Nach dem Gemeinderatsbeschluss für die Verlagerung des Ankunftszentrums leiteten wir das Bürgerbegehren ein, für das wir rund 7.500 Stimmen brauchten. Ein „Orgateam“ besorgte die Organisationsarbeit, darunter die wöchentlichen Pressemitteilungen, homepage und instagram-Präsenz, die Erstellung eines Flyers und die Herstellung von Plakaten, finanziert durch Spenden. Die Zeit der Lockerungen der Corona-Auflagen im Herbst 2020 reichte gerade, um ca. 11.500 Unterschriften unter das Bürgerbegehren am 8. November überreichen zu können. Dafür hatten wir auf allen Wochenmärkten Unterschriften an Ständen gesammelt und mit geschätzt 15.000 Bürger*innen diskutiert. In jedem Stadtteil organisierten und koordinierten sich Unterstützer*innen, die zentrale Koordination kam vom Orgateam. Weitere Aktivist*innen verteilten Flyer in die Haushalte. Auch dabei kamen gute Diskussionen zustande.

Die örtliche Zeitung begleitete die Kampagne mit unseren Pressemitteilungen und Leser*innenbriefen, eigenen Artikeln und Interviews zu dem Thema und hielt sie so auf hohem Bekanntheitsgrad. Nach Weihnachten führten wir die Kampagne für den Bürgerentscheid fort: wieder Produktion von Plakaten und Flyern, Verteilung in die Haushalte, Organisation von Veranstaltungen und Teilnahme an öffentlichen Diskussionen (Corona-bedingt online). In einer Veranstaltungsreihe im März luden wir Expert*innen zu einer Diskussion über ein „gutes“ Ankunftszentrum ein; aber auch um Für und Wider des Standorts noch einmal mit bisher nicht gehörten kritischen Beteiligten zu diskutieren.

Nach wie vor begleitete die lokale Rhein-Neckar-Zeitung die Kampagne. Erst nach der Landtagswahl versuchte die Stadt mit großem finanziellen Aufwand, Plakaten, Plakatwänden, Flyern und Diskussionsveranstaltungen uns etwas entgegenzusetzen. Aber das stieß offenbar eher auf Ablehnung bei den Heidelberger*innen.
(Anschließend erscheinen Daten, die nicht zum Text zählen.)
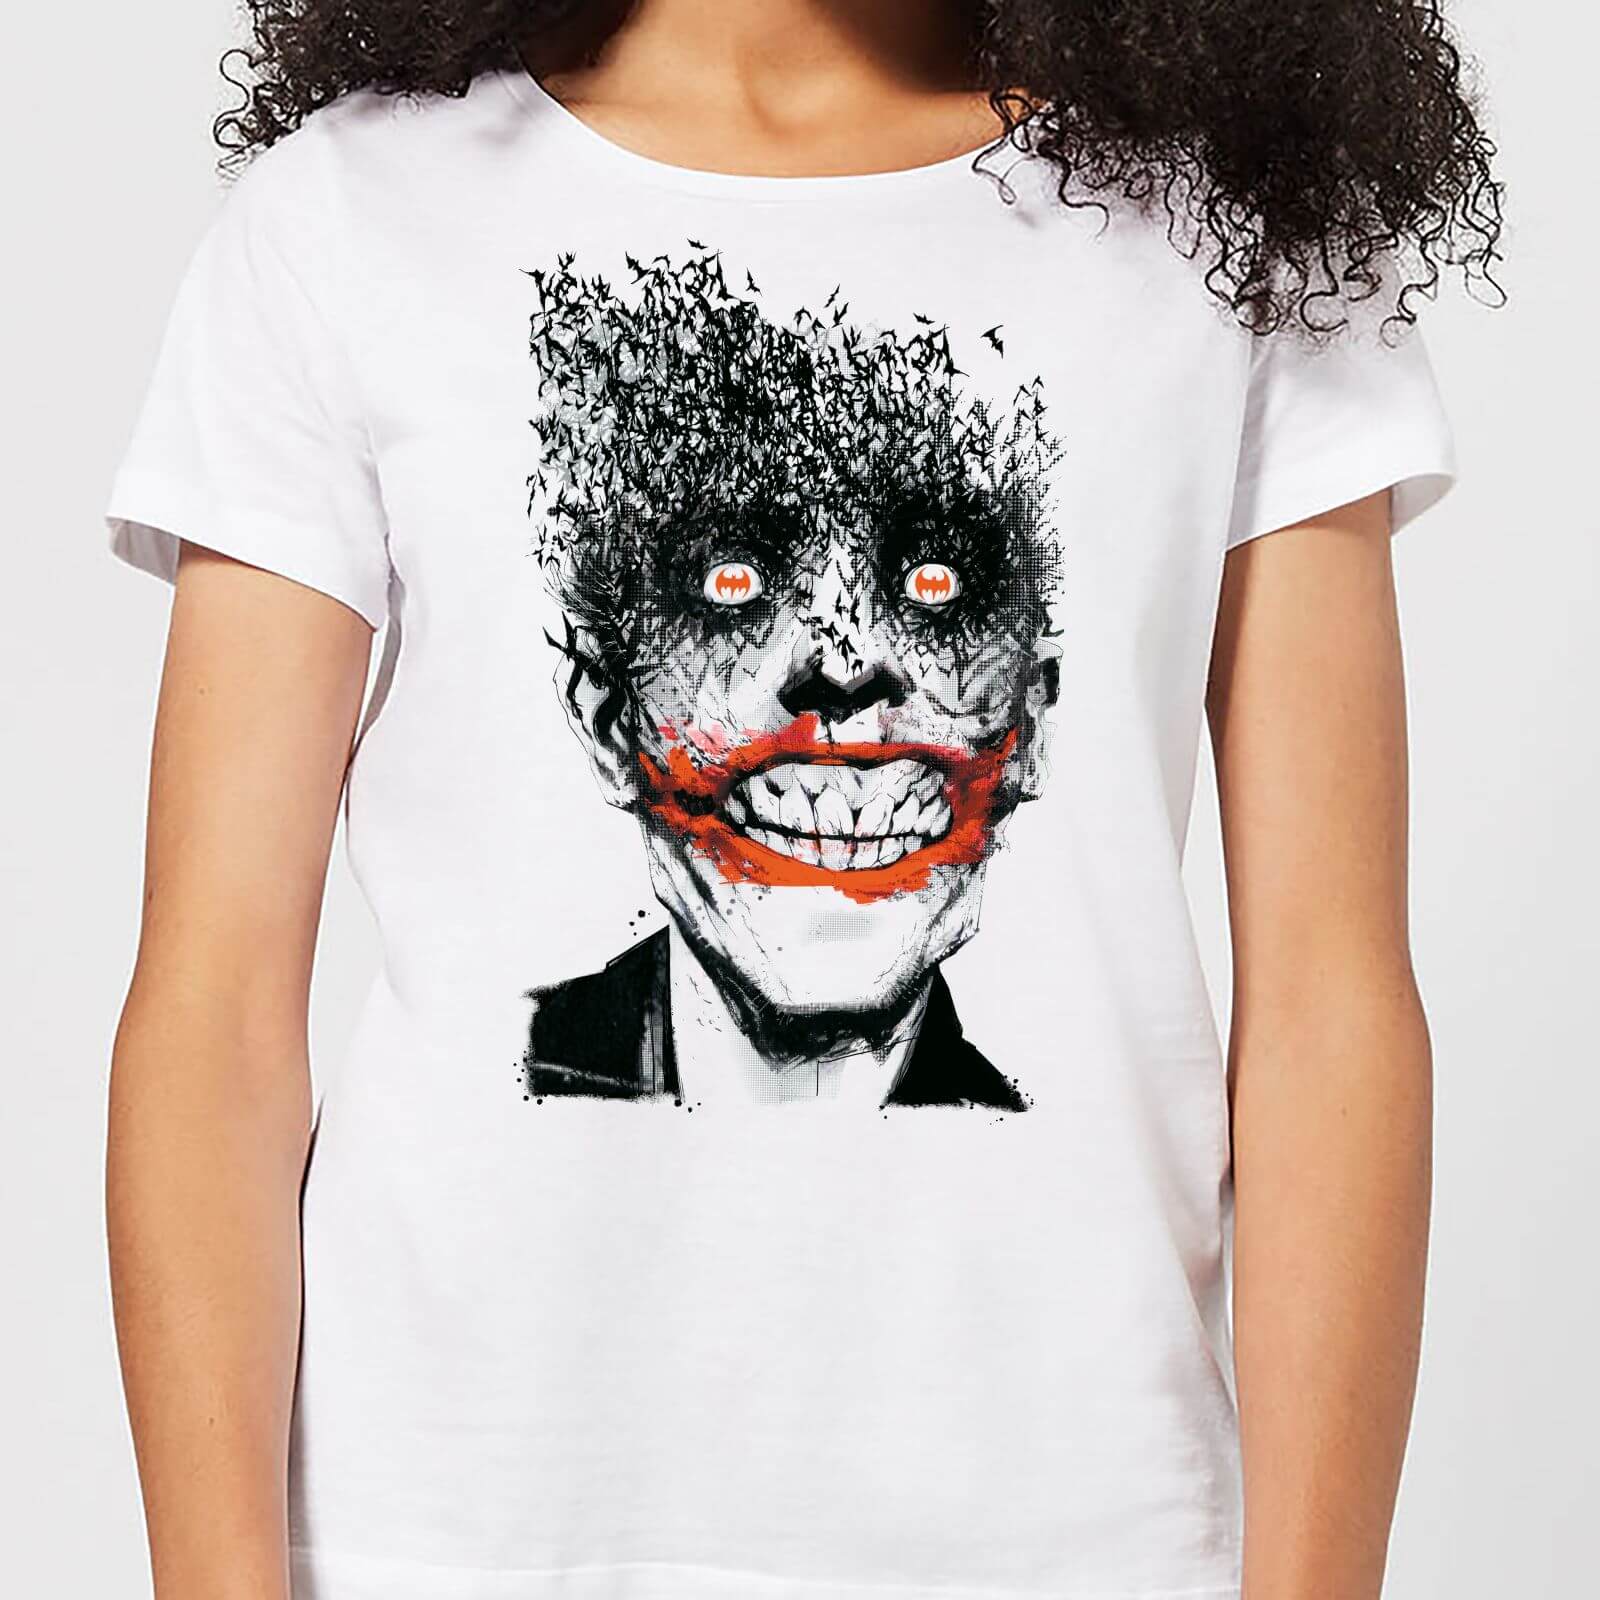 t-shirt dc comics batman joker face of bats - bianco - donna - xxl

Noch mehr JA-Stimmen als bei den Briefwähler*innen (Briefwahlunterlagen waren von der Stadt an alle Berechtigten verschickt worden) gab es bei denen, die am Abstimmungstag selbst zur Urne gingen. Die Wolfsgärten sind als Standort nun „out“. Jetzt geht es um die Gestaltung des Ankunftszentrums im neuen Stadtteil, um Integration.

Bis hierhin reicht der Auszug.